Tesco Plc shares surged the most in almost two years as CEO Dave Lewis vowed to double the UK supermarket’s profit margins in the next three years, helped by an additional 1.5 billion pounds ($1.9 billion) in cost cuts and more premium items.
The stock rose as much as 11 percent to 210.15 pence, the highest since August 2015, as Lewis set a target to widen the operating margin to between 3.5 percent and 4 percent by 2020. Tesco also reported first-half earnings that trounced estimates thanks to a third consecutive quarter of higher U.K. sales.
The margin target illustrates that Lewis is moving from recovery mode and back toward growth. After grappling with a price war and an accounting scandal in his first two years at the helm, the CEO is fighting back against discounters Aldi and Lidl, who now account for about 10 pence of every pound spent in U.K. supermarkets.
“These results illustrate a business moving out of crisis to one showing real confidence in its recovery,” Lewis said on a conference call with reporters.
The cost savings will be split equally across buying, logistics and in-store productivity improvements. The retailer will also seek to boost cash generation, maximize sales of higher-margin items like its Finest range and extract value from its property.
“The margin target implies long-term profit estimates will have to rise quite a bit,” Charles Allen, an analyst at Bloomberg Intelligence, said by phone. “It’s not purely a cost cutting target, it’s also based on winning sales back.”
Tesco’s operating margin has shrunk to about 2 percent from 5 percent three years ago as the grocer has cut prices to keep pace with the discounters. The margin for the main domestic supermarket business was 1.8 percent in the first half, up from about 1.6 percent in the second half of last year.
The margin improvement, combined with increased domestic sales and cost cuts, led to a 60 percent increase in first-half operating profit to 596 million pounds before one-time items, beating the 523 million-pound median estimate of 15 analysts surveyed by Bloomberg News.

Free Fruit
Since his arrival from Unilever, Lewis has focused on winning back shoppers who were turned off as Britain’s largest retailer bullied smaller shops, squeezed suppliers and raised prices under previous management. He’s added 12,000 shop-floor staff to assist customers, rebranded its fresh fruit, vegetables and meat under the banner of fictitious British farms like “Redmere,” and reduced the cost of a typical grocery basket by 6 percent. Recently, Tesco began giving free fruit to children while shopping with their parents.
Those moves helped boost UK same-store sales, which rose 0.9 percent, excluding fuel, beating the analyst estimate for a 0.5 percent increase.
“This is a fantastic set of results, delivering on all aspects of the U.K. recovery,” Bruno Monteyne, an analyst at Sanford C. Bernstein, said by email.
The plunge in sterling since the U.K.’s vote to leave the European Union could hinder Tesco’s ability to reach the margin goal, said Jon Copestake, an analyst at the Economist Intelligence Unit, as it would push up the cost of imported goods.
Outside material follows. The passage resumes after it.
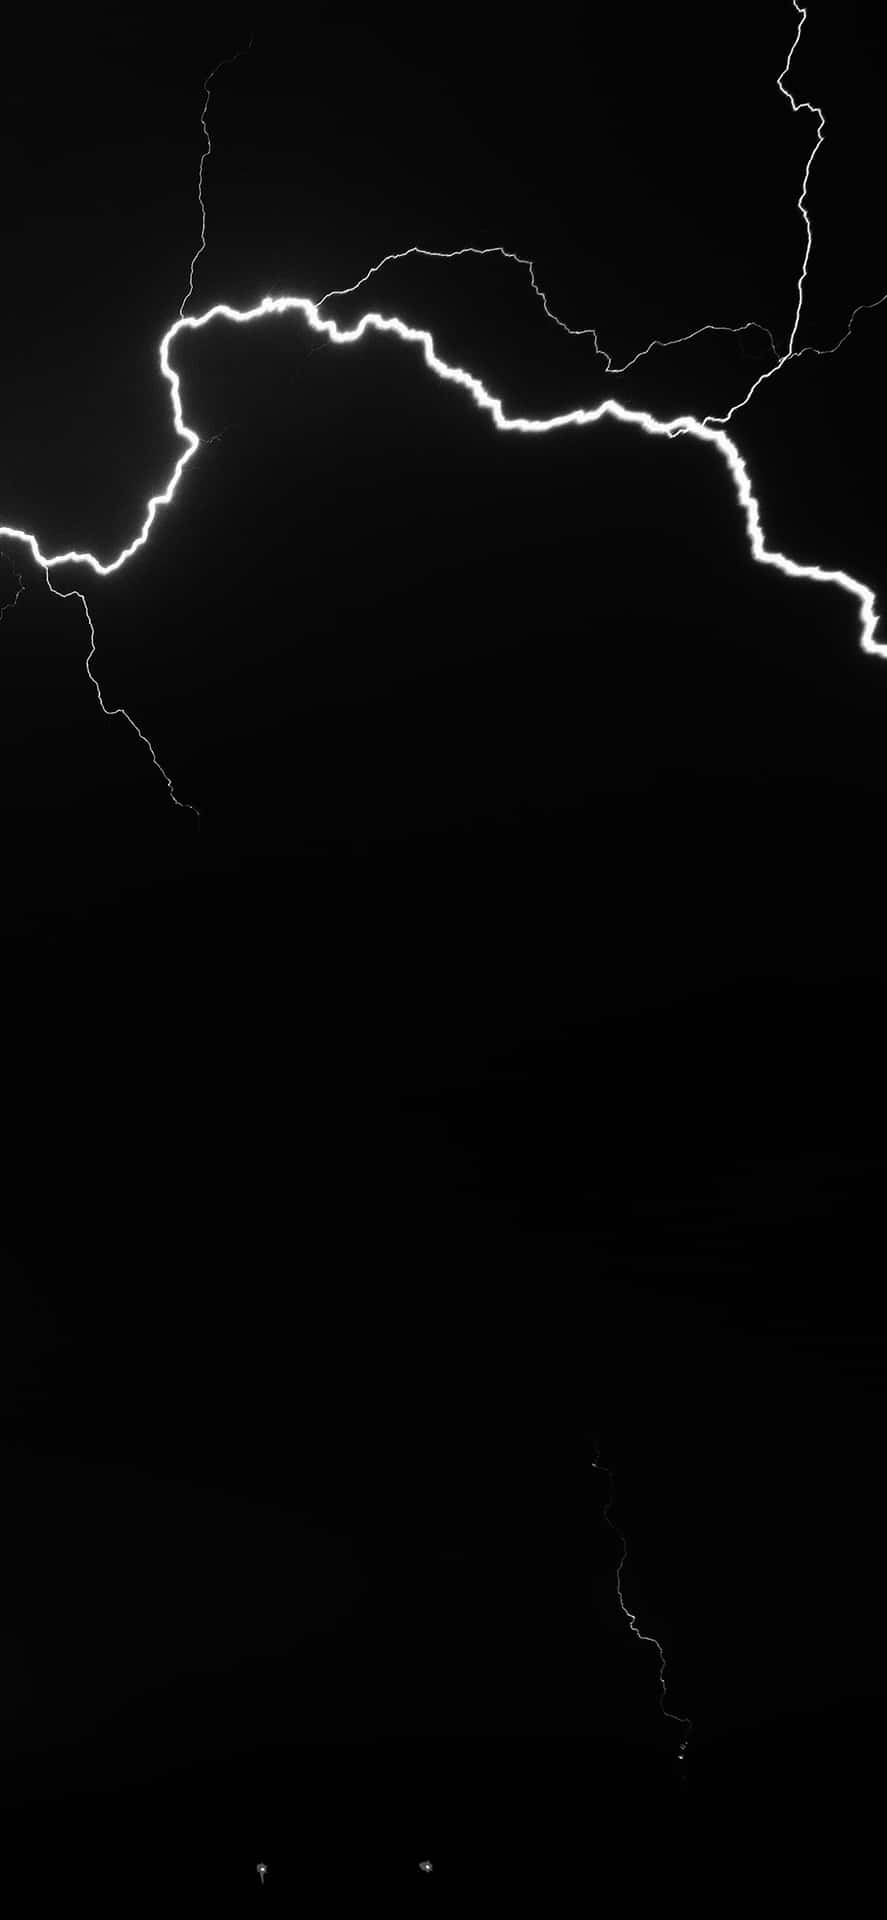 Nighttime Lightning Strike Wallpaper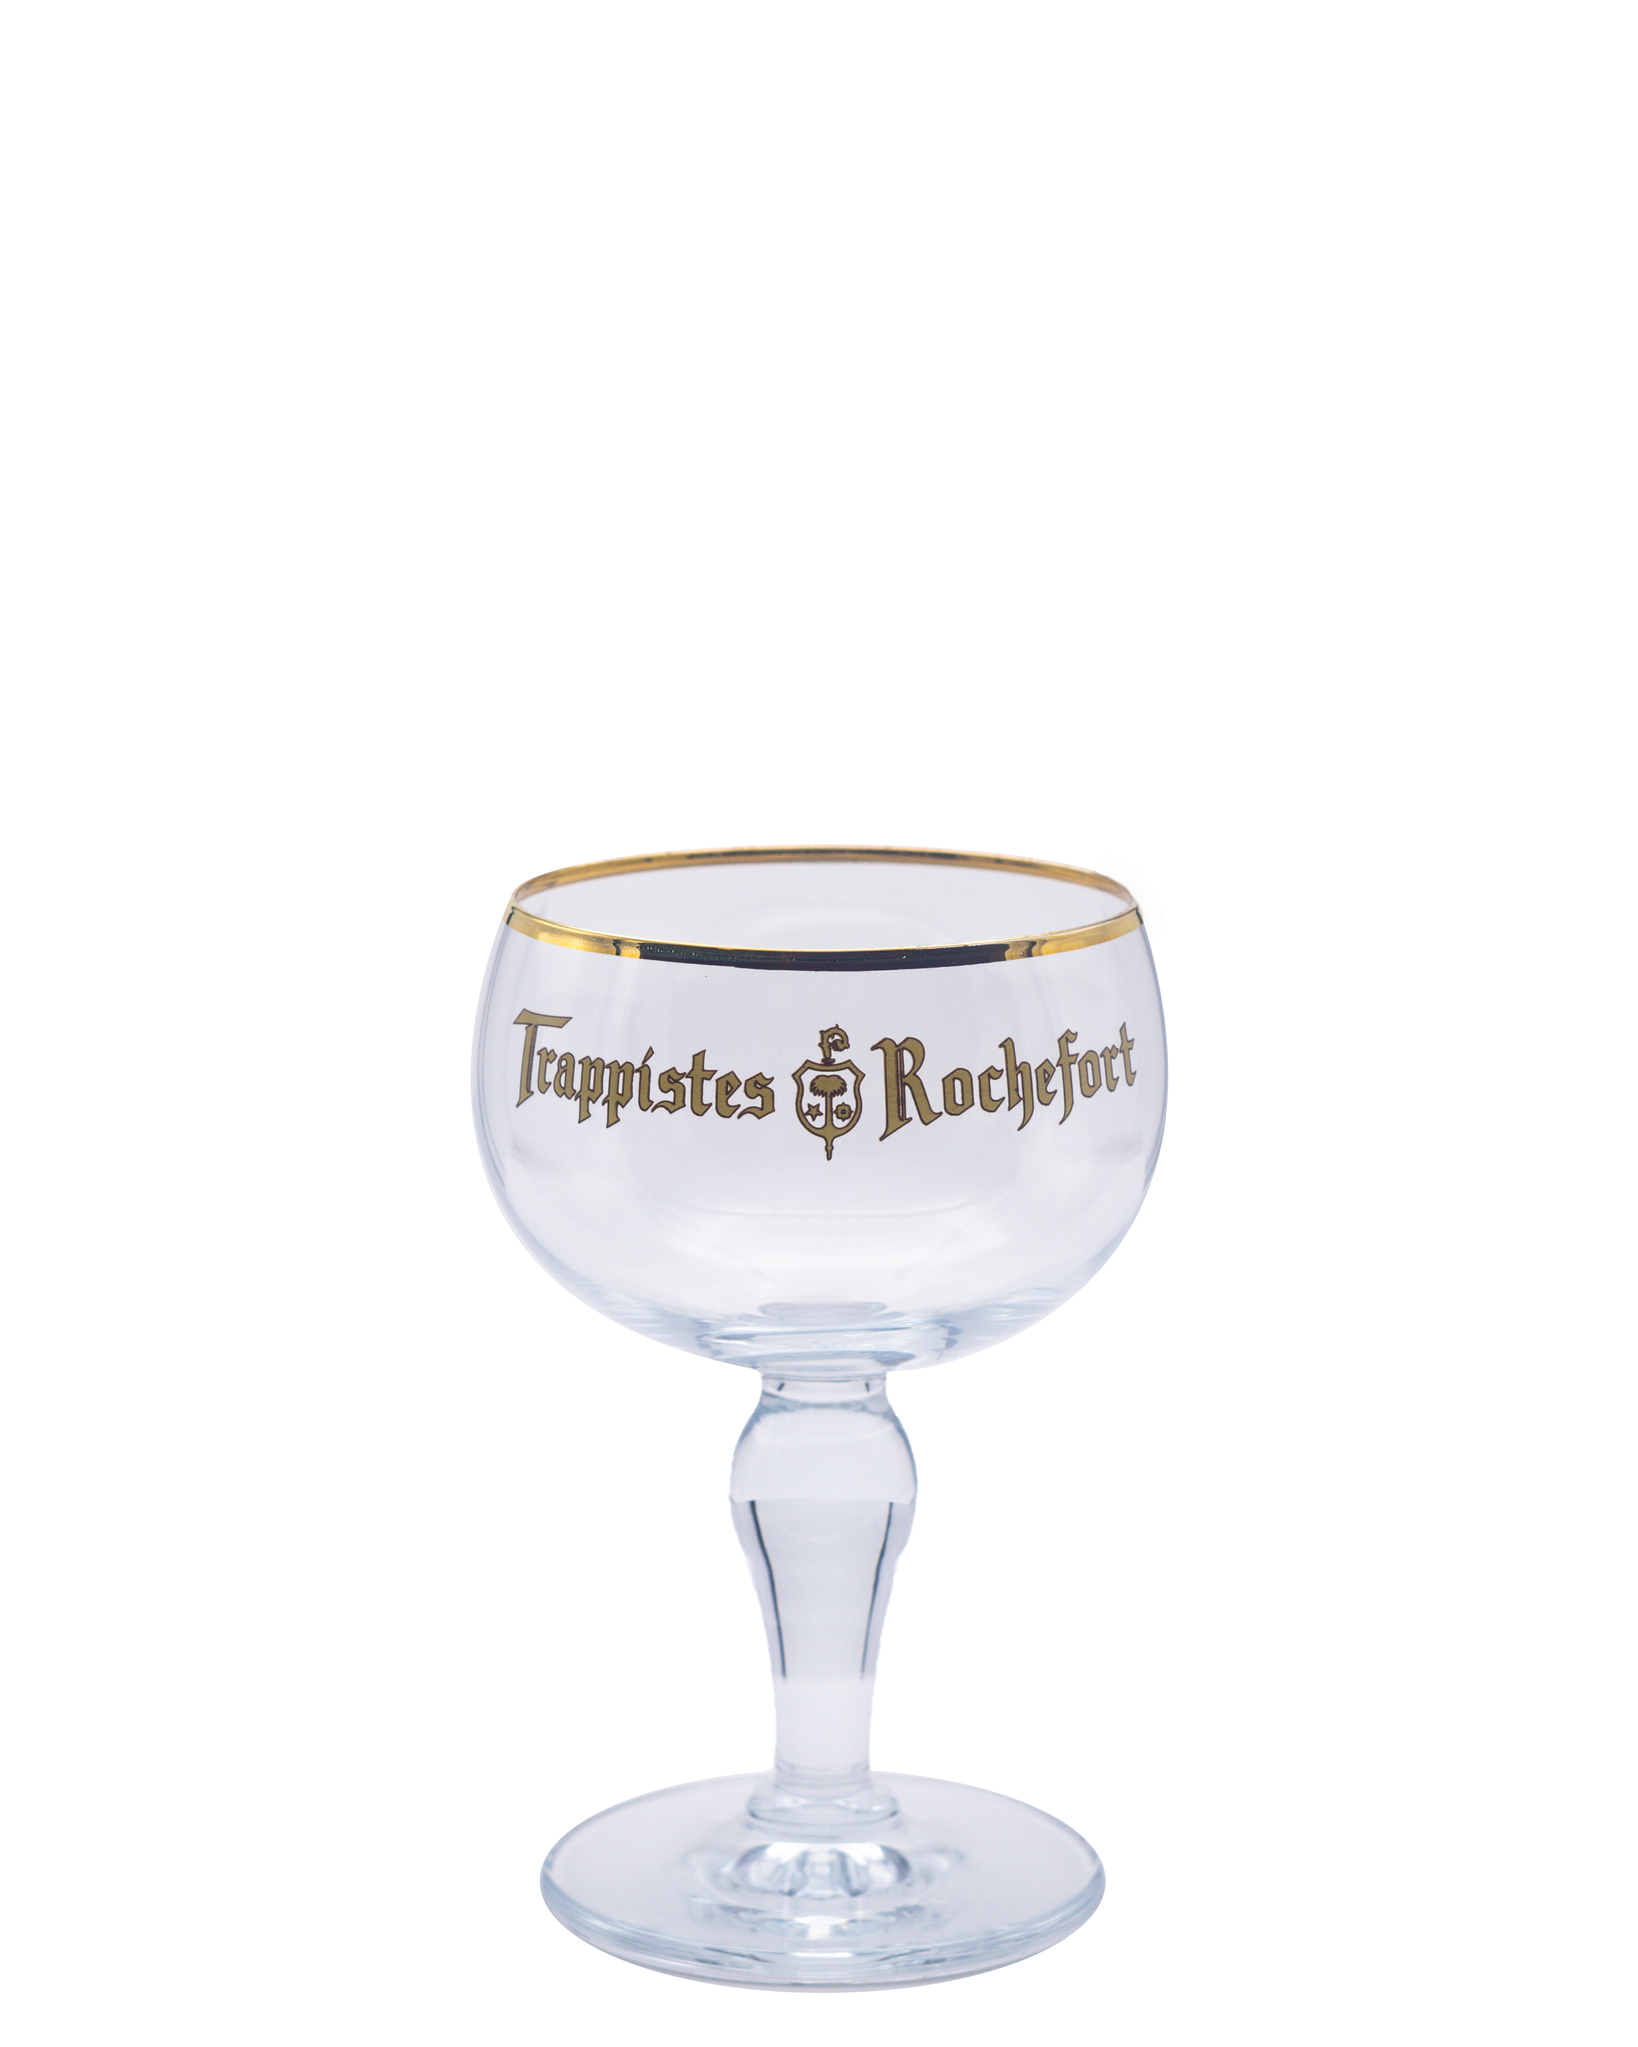 evolutie boog nicotine Trappistes Rochefort Bierglas - 33cl - Online kopen - Belgian Beer Factory

Lewis faces other hurdles outside his control: a new minimum wage is raising costs for the U.K.’s largest private-sector employer while falling bond yields drove up Tesco’s pension deficit by 3.2 billion pounds to 5.9 billion pounds in the last six months.
The pension deficit is “a fly in the ointment,” John Ibbotson, an analyst at researcher Retail Vision, said by e-mail. “There’s still a long way to go, but Tesco has started to hit its stride.”